-
Notifications
You must be signed in to change notification settings - Fork 3.5k
Description
Not sure if an issue is the right place to discuss this — happy to move the conversation elsewhere if needed.
Context
At Whatnot we use Phoenix.PubSub (backed by Registry) for livestreams. In #14654 we added {:duplicate, :key} partitioning which helped when we had many small livestreams, but it doesn't help with large ones (as discussed in the PR) — all subscribers for a key still end up in one duplicate_bag partition.
We hit a concrete problem: at a certain leave rate from a large livestream, the PID partition GenServer's message queue runs away because each :ets.match_delete/2 on the duplicate_bag has to scan all entries for that key to find the ones belonging to the leaving process. The partition can't keep up.
Idea
Use an ordered_set ETS table with composite keys {key, pid, counter} instead of duplicate_bag with {key,{pid, value}}. Since ordered_set sorts entries, all entries for a {key, pid} prefix are adjacent in the tree, so unregistering only touches that process's entries instead of scanning the whole key.
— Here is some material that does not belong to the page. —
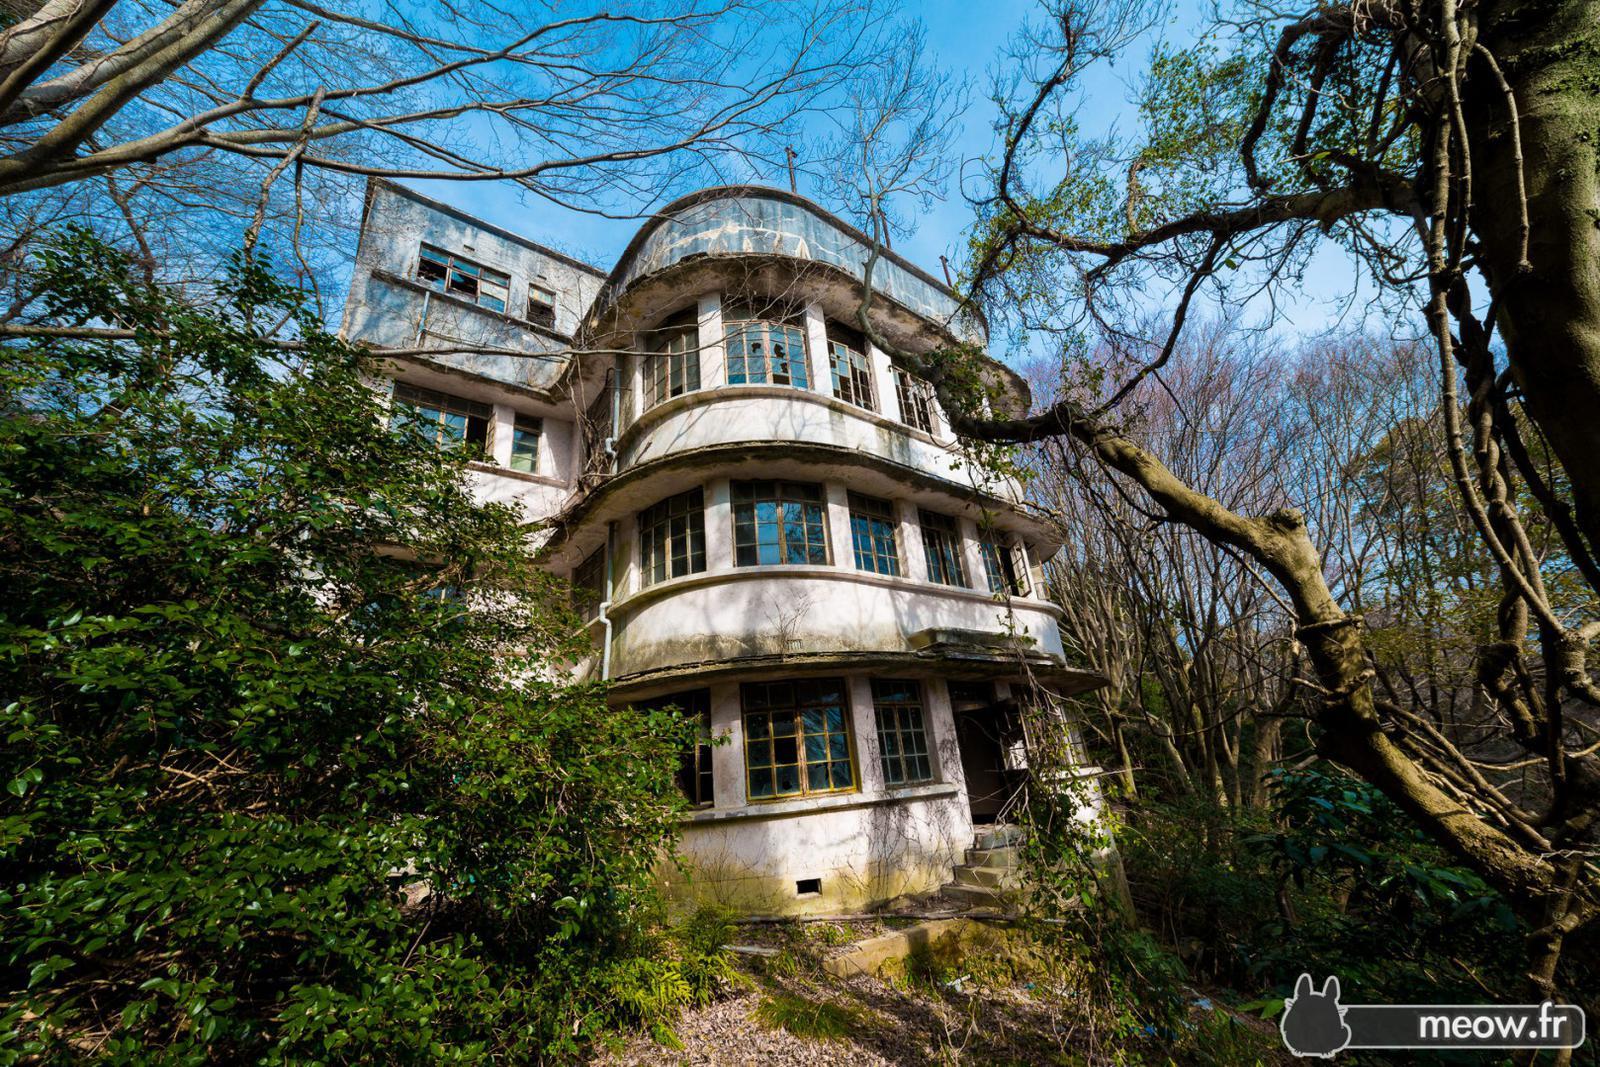 Maya Hotel - hôtel abandonné - Kobe

Combined with key-based partitioning (so lookup hits one partition, not all of them).
A PoC implementation and benchmarks are available at: https://github.com/studzien/elixir/tree/registry/duplicate-ordered-set
In our simulated load tests the lookup time increase was not noticeable in our workload and we no longer saw the queue runaway issue.
Benchmark results
Hot key workload — all N entries under a single key, 16 partitions, duplicate = pid-partitioned duplicate_bag, ordered = key-partitioned ordered_set:
Lookup
| N | duplicate | ordered | |
|---|---|---|---|
| 100 | 4.0 μs | 6.4 μs | ordered 1.6x slower |
| 1,000 | 29.5 μs | 67.3 μs | ordered 2.3x slower |
| 10,000 | 315 μs | 404 μs | ordered 1.3x slower |
| 1,000,000 | 149 ms | 94.9 ms | ordered 1.6x faster |
Ordered is slower at small N due to :ets.select/2 vs :ets.lookup_element/3. The gap closes as N grows, and at 1M ordered wins because it hits one partition instead of sixteen.
Unregister
| N | duplicate | ordered | |
|---|---|---|---|
| 100 | 2.9 μs | 3.3 μs | ~tied |
| 1,000 | 4.1 μs | 3.6 μs | ordered 1.1x faster |
| 10,000 | 14.7 μs | 4.0 μs | ordered 3.7x faster |
| 1,000,000 | 5.1 ms | 5.4 μs | ordered 940x faster |
This is the main win. At 1M entries unregister goes from 5ms to 5μs — this is what causes the queue runaway in the partition GenServer with duplicate_bag.
Tradeoffs
Lookup is ~1.5-2x slower at small to medium scale. Unregistration and crash cleanup are dramatically faster at scale. For our use case (large channels, high join/leave rate) the tradeoff is clearly worth it.
Next steps
We're happy to work on this and prepare a production-ready version of the code, but would appreciate some guidance on structuring the solution. The current Registry implementation already has a fair amount of branching for unique, duplicate partitioned by pid, and duplicate partitioned by key — adding another backend on top of that makes the code harder to follow. Would appreciate thoughts on whether the current approach (more case branches) is acceptable, or if there's a preferred way to organize this (e.g., separate modules per backend, behaviour, etc.).
Related: #14654